_Directions for this task_
Print the lines in the listing below that fall between the line with "Casinos Online con" and the line with "Vu des billets", those two lines included, exactly as they stand and with nothing else.

_Provided records_
-- Opening Marker --

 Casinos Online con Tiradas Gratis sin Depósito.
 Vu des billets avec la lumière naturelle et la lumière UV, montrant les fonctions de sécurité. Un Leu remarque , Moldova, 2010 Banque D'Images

-- Closing Marker --
-- Opening Marker --

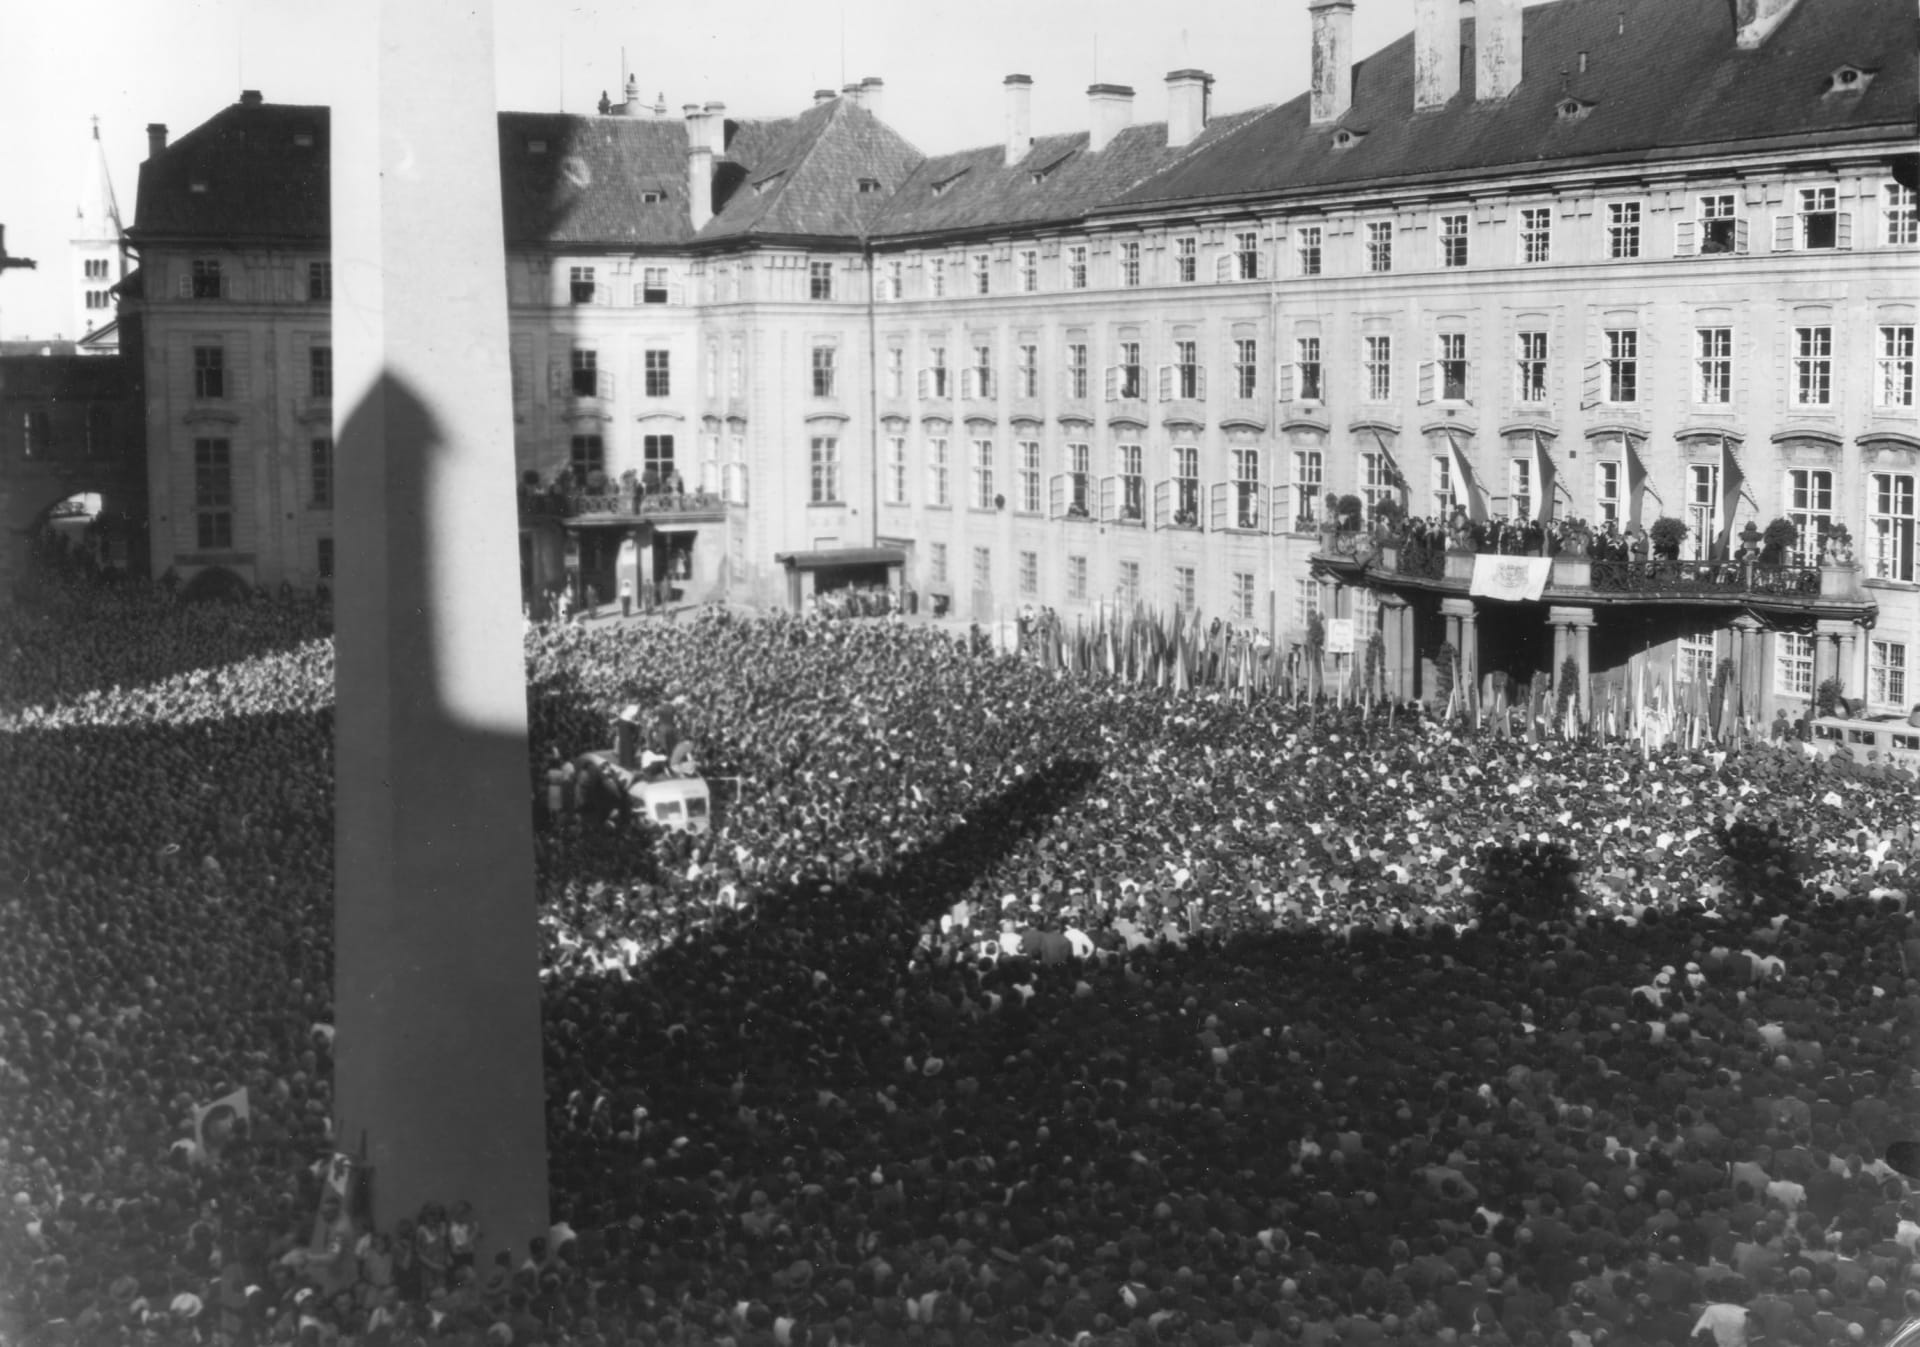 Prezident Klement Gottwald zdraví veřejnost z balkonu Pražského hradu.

-- Closing Marker --

_Solution for this task_
 Casinos Online con Tiradas Gratis sin Depósito.
 Vu des billets avec la lumière naturelle et la lumière UV, montrant les fonctions de sécurité. Un Leu remarque , Moldova, 2010 Banque D'Images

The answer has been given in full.